Problem to work on — Skip the pictures. Retype exactly, and only, the lines between the line holding "Red panax ginseng" and the last line below, inclusive.

Given information —
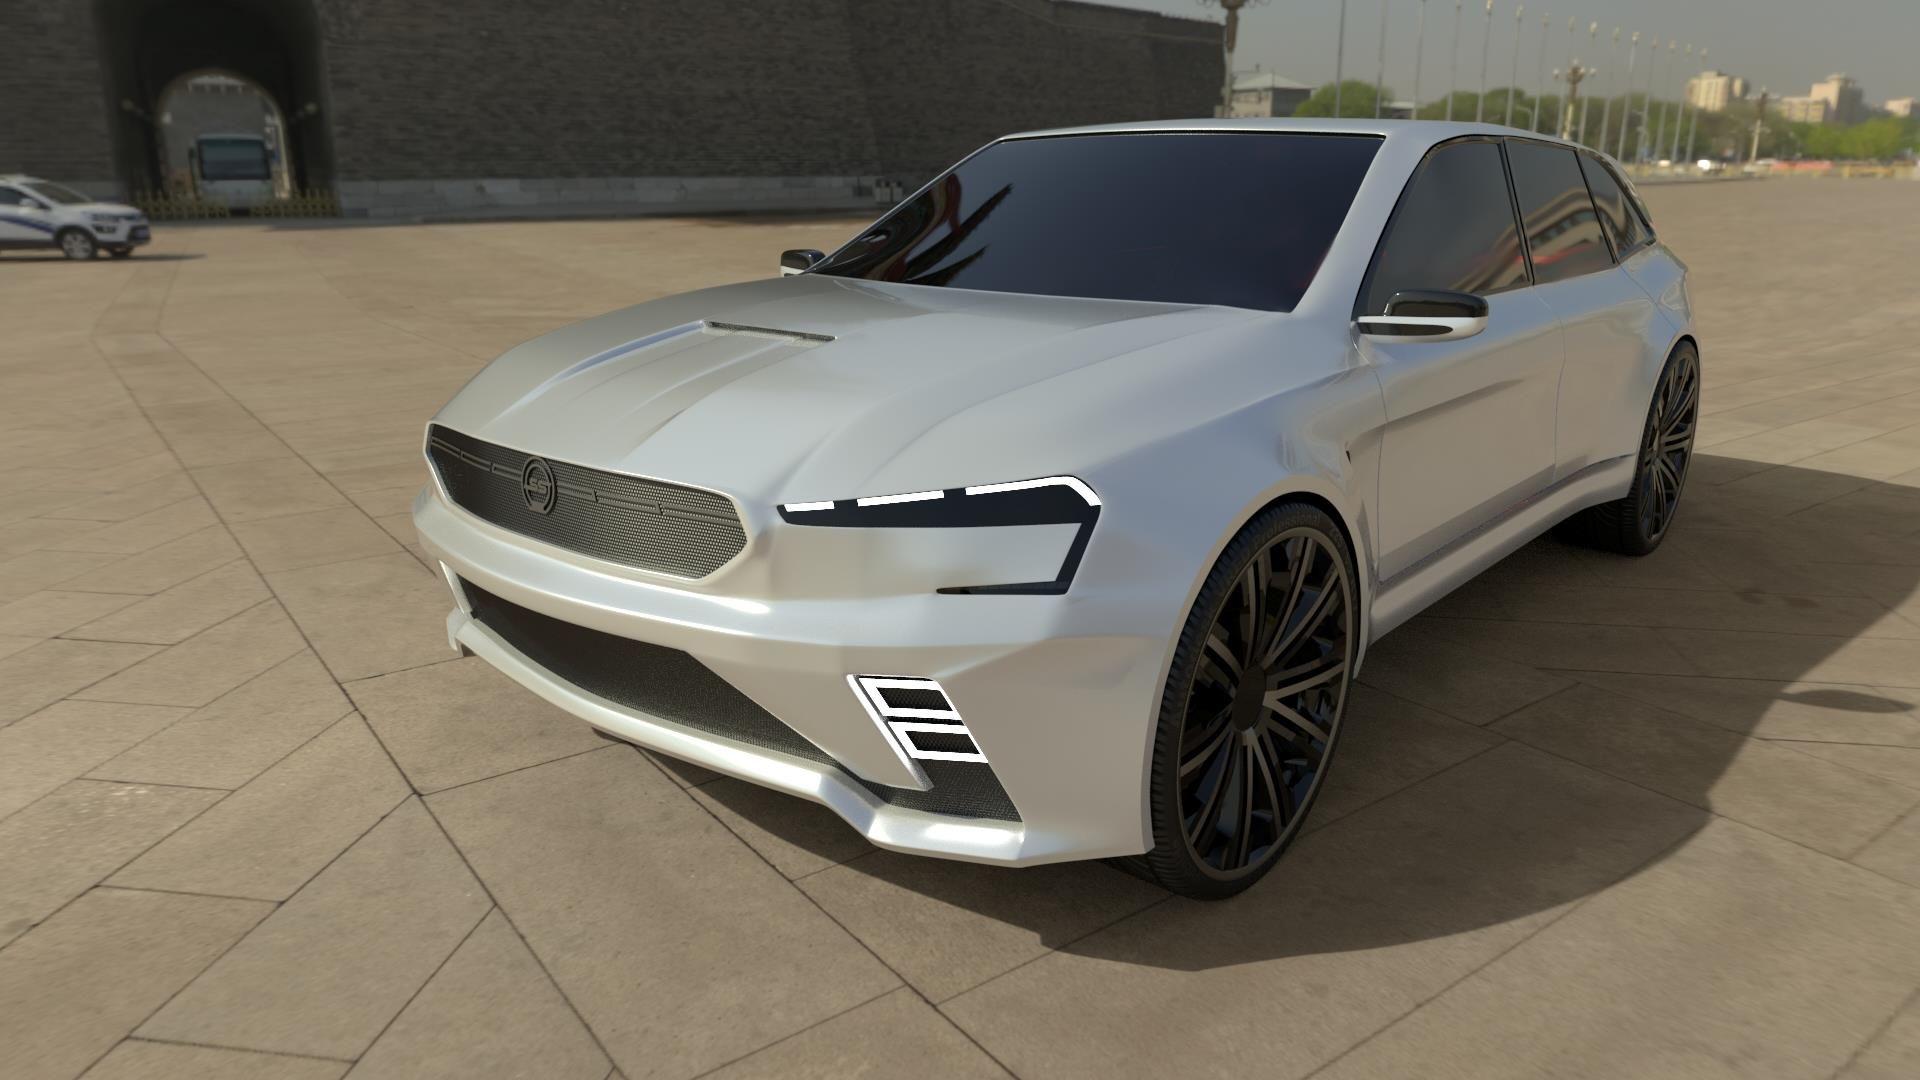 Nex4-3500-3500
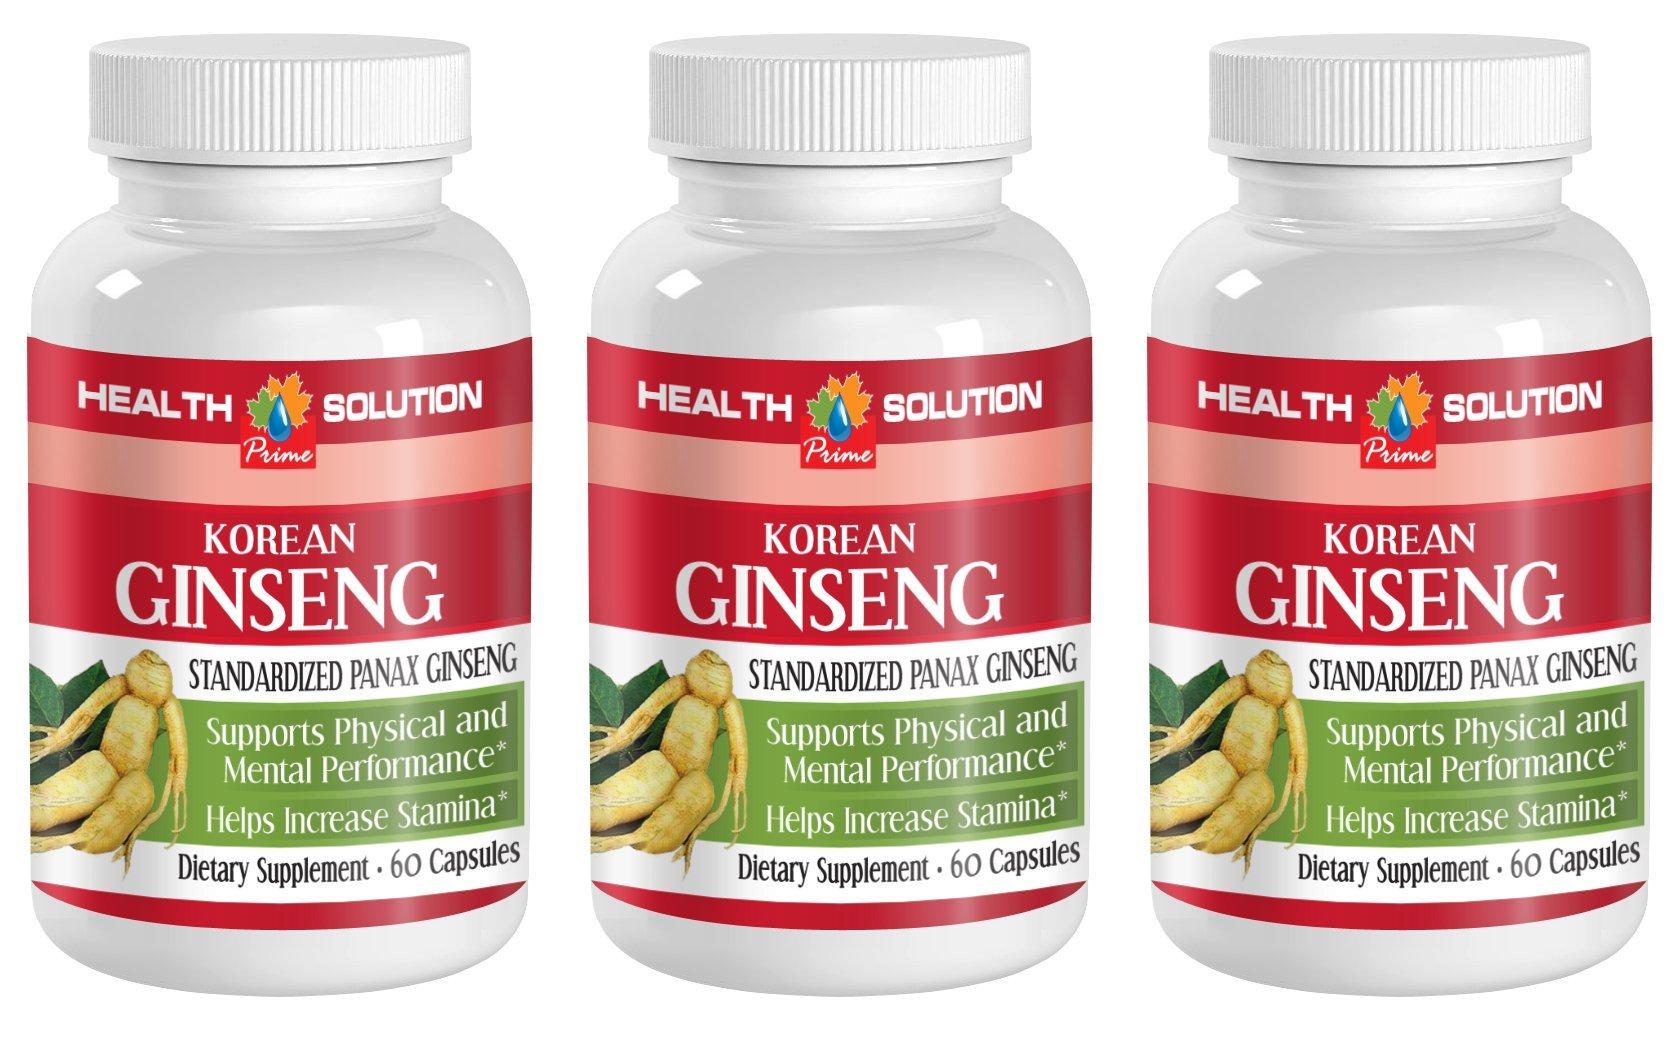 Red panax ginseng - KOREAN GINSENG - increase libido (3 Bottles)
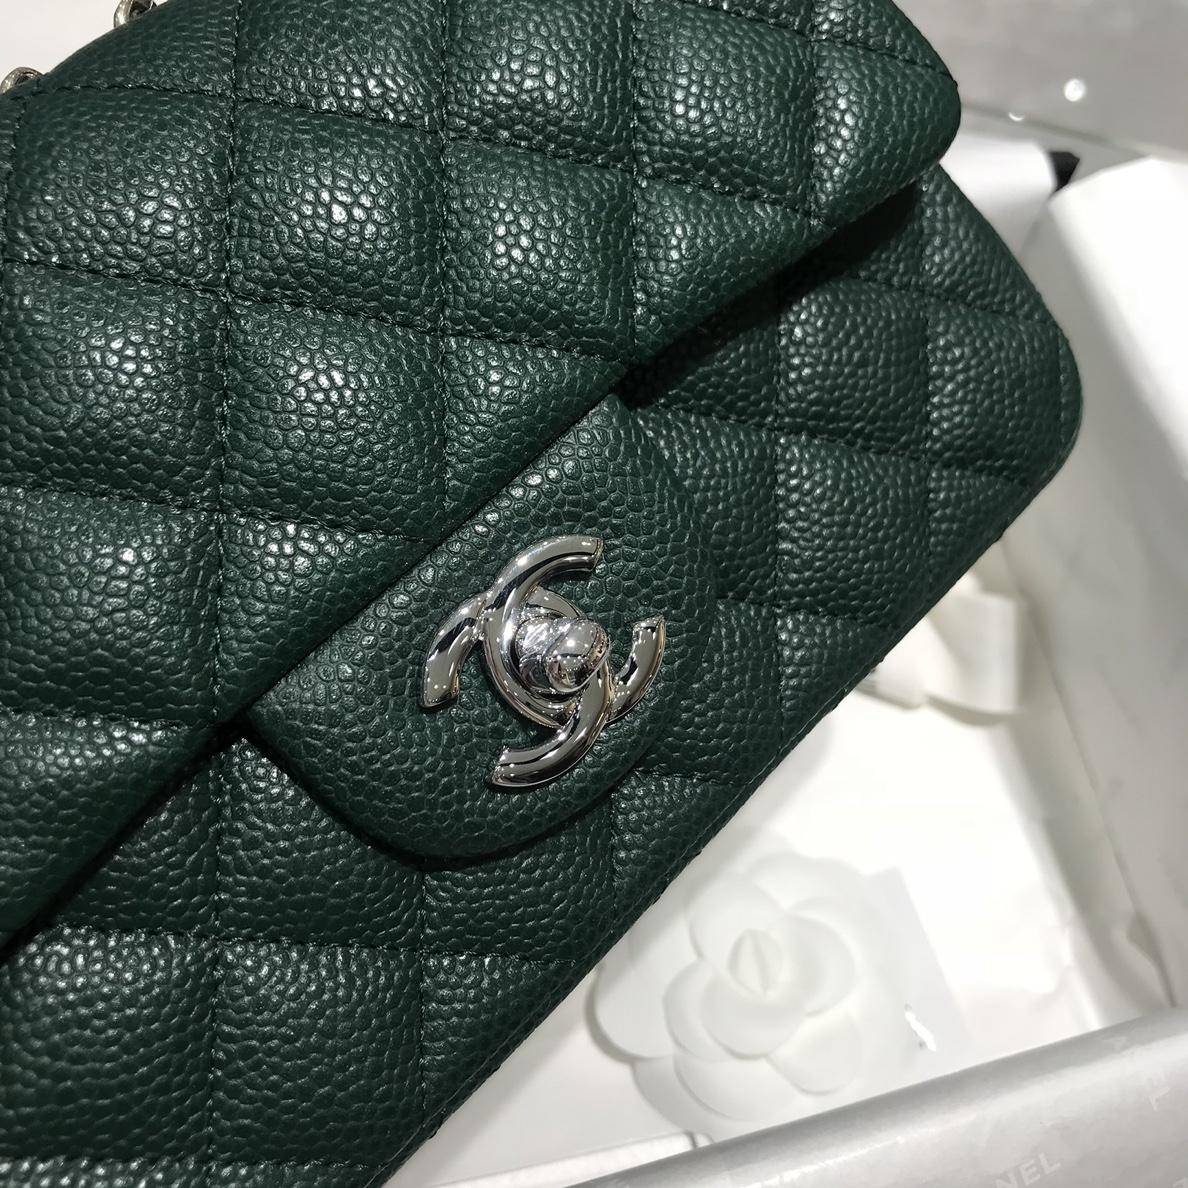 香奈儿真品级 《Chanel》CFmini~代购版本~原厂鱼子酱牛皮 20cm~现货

Response area —
 Red panax ginseng - KOREAN GINSENG - increase libido (3 Bottles)
 香奈儿真品级 《Chanel》CFmini~代购版本~原厂鱼子酱牛皮 20cm~现货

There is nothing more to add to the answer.